Taipan: Efficient and Expressive State Space Language Models with Selective Attention

27 Sept 2024 (modified: 05 Feb 2025)Submitted to ICLR 2025EveryoneRevisionsBibTeXCC BY 4.0
Keywords: Efficient Language Model, Model Architecture, Long-context Language Model, In-context Retrieval, Hybrid Architecture, Linear Complexity
TL;DR: We introduce Taipan, a novel architecture that combines State Space Models with Selective Attention Layers, achieving superior performance in memory-intensive tasks while enabling efficient language modeling for sequences up to 1 million tokens.
Abstract: Efficient long-context language modeling remains a significant challenge in Natural Language Processing (NLP). While Transformers dominate language tasks, they struggle with long sequences due to quadratic computational complexity in training and linearly scaling memory costs during inference. Recent State Space Models (SSMs) such as Mamba offer alternatives with constant memory usage, but they underperform in tasks requiring extensive in-context retrieval. We introduce Taipan, a novel hybrid architecture that combines Mamba-2 with Selective Attention Layers (SALs). These SALs identify tokens requiring long-range interactions, remove less important features, and then augment their representations using the attention module. This approach balances Mamba's efficiency with Transformer-like performance in memory-intensive tasks. By constraining the attention budget, Taipan extends accurate predictions to context lengths of up to 1 million tokens while preserving computational efficiency. Our experiments demonstrate Taipan's superior performance across various scales and tasks, offering a promising solution for efficient long-context language modeling.

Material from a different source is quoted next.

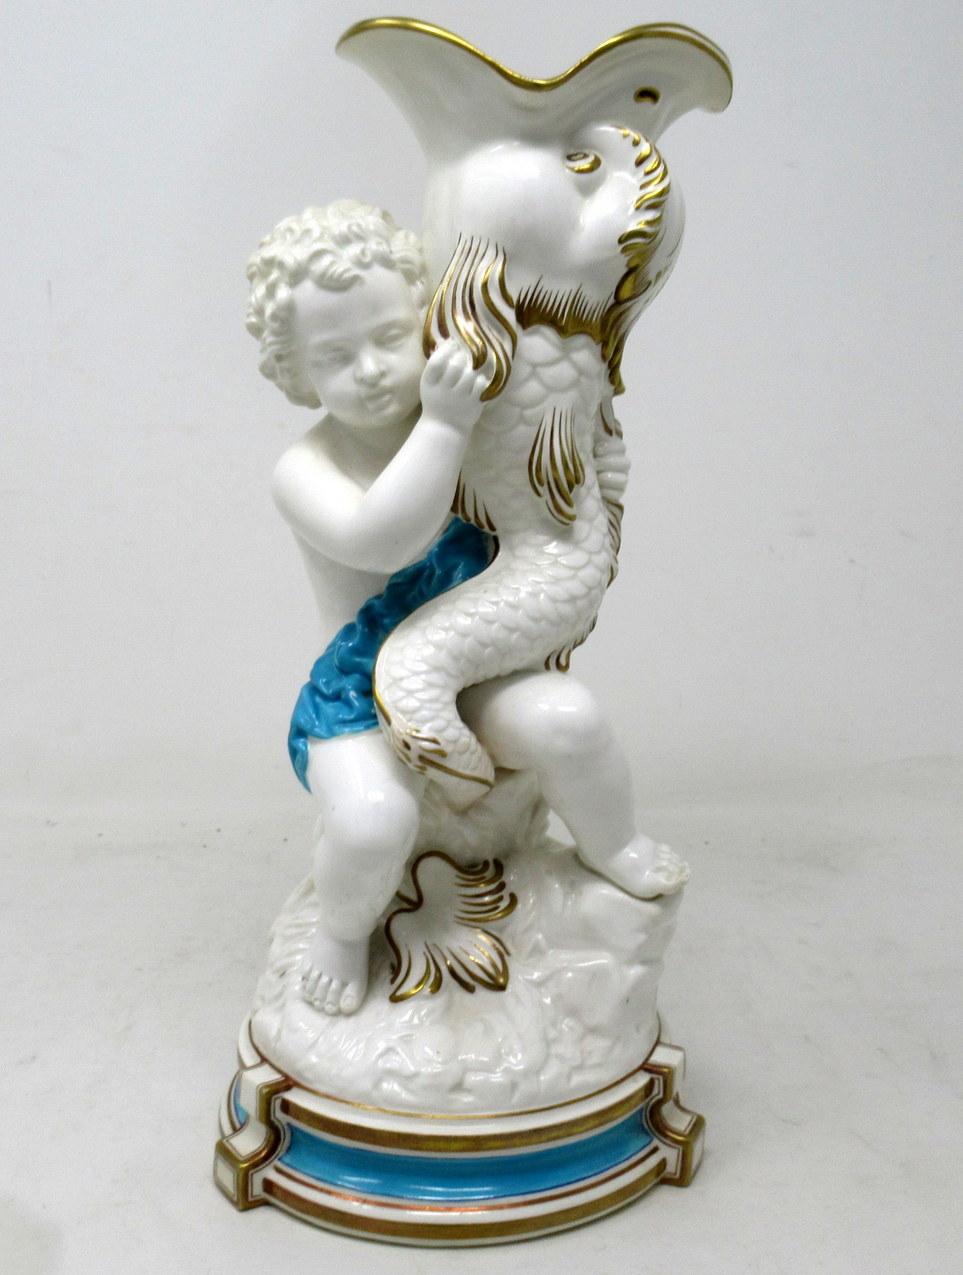 Stunning example of an English Minton Porcelain centerpiece or flower vase, depicting an entwined upright Dolphin been help by a scantily clad Female standing on a naturalistic circular base. Circa third quarter of the Nineteenth Century.

Primary Area: foundation or frontier models, including LLMs
Code Of Ethics: I acknowledge that I and all co-authors of this work have read and commit to adhering to the ICLR Code of Ethics.
Submission Guidelines: I certify that this submission complies with the submission instructions as described on https://iclr.cc/Conferences/2025/AuthorGuide.
Anonymous Url: I certify that there is no URL (e.g., github page) that could be used to find authors’ identity.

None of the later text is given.